Type again, exactly, the lines below from the start through the line that includes "ASUS Gaming G752V".

====== Provided material ======

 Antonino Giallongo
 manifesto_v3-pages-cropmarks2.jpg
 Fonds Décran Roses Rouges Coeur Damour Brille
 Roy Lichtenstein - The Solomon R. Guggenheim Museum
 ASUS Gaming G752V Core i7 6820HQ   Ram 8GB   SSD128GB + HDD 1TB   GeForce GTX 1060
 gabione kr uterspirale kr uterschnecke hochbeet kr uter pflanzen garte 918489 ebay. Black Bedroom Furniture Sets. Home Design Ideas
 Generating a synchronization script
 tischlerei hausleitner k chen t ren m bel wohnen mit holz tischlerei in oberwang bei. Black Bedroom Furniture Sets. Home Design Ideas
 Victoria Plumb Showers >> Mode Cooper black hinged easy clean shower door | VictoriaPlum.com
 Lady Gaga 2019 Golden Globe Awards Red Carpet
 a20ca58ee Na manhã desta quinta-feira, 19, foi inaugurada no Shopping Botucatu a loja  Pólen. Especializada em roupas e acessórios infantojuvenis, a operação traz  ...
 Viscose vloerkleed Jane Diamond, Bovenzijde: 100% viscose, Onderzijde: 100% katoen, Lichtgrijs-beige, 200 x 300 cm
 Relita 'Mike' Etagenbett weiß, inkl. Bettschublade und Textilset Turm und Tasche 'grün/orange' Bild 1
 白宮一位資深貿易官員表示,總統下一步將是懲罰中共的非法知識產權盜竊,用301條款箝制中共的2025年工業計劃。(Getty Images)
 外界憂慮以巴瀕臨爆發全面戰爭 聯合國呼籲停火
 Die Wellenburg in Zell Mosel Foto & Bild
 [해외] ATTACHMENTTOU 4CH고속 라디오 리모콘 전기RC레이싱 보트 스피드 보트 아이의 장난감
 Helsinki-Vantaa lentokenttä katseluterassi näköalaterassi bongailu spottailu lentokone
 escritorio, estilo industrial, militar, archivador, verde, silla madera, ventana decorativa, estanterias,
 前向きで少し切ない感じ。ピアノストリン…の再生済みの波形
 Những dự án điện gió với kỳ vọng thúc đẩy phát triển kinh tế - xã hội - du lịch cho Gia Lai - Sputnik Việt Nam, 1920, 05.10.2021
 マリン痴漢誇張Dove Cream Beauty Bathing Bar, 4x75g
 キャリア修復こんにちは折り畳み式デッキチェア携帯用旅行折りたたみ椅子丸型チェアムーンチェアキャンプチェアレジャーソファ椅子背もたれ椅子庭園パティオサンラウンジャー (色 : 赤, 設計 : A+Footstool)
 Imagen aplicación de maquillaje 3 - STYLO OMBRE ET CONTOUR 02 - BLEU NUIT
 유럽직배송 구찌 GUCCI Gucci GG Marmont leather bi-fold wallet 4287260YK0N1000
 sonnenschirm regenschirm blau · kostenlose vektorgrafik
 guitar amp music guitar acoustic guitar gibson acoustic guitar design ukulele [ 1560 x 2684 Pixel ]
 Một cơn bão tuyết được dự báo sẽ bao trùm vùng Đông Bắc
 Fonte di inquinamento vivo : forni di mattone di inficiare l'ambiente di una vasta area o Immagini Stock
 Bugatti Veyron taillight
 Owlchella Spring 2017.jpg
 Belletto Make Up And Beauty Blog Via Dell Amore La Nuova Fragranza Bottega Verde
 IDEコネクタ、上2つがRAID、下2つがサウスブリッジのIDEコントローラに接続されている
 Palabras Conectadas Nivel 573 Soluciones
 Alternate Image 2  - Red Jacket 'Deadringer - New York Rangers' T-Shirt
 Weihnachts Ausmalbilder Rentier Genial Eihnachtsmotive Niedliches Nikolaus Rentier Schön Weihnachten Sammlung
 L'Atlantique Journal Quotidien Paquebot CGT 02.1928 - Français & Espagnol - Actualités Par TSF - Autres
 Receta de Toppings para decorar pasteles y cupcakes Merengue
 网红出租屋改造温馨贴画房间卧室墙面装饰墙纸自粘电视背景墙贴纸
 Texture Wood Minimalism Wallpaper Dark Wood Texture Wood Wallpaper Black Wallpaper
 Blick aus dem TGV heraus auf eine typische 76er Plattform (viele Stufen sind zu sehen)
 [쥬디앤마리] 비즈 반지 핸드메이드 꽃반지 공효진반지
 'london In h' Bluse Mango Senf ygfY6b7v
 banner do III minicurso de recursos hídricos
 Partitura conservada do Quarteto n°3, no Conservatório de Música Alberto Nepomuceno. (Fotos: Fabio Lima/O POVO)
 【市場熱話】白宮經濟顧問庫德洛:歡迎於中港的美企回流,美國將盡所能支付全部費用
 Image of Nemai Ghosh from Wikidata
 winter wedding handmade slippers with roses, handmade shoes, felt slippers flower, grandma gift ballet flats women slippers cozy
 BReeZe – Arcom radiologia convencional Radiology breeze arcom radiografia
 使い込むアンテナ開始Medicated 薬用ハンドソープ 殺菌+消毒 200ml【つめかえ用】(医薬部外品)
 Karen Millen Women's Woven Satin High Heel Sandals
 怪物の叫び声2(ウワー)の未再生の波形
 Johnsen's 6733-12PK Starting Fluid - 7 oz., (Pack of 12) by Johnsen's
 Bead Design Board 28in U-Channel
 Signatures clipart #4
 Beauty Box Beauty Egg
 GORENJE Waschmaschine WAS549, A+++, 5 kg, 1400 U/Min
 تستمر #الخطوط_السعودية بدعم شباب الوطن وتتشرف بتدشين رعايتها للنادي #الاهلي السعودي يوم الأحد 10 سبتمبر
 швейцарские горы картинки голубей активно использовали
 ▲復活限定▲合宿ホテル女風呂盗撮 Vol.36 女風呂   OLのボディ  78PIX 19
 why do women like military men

======

#### Result
 Antonino Giallongo
 manifesto_v3-pages-cropmarks2.jpg
 Fonds Décran Roses Rouges Coeur Damour Brille
 Roy Lichtenstein - The Solomon R. Guggenheim Museum
 ASUS Gaming G752V Core i7 6820HQ   Ram 8GB   SSD128GB + HDD 1TB   GeForce GTX 1060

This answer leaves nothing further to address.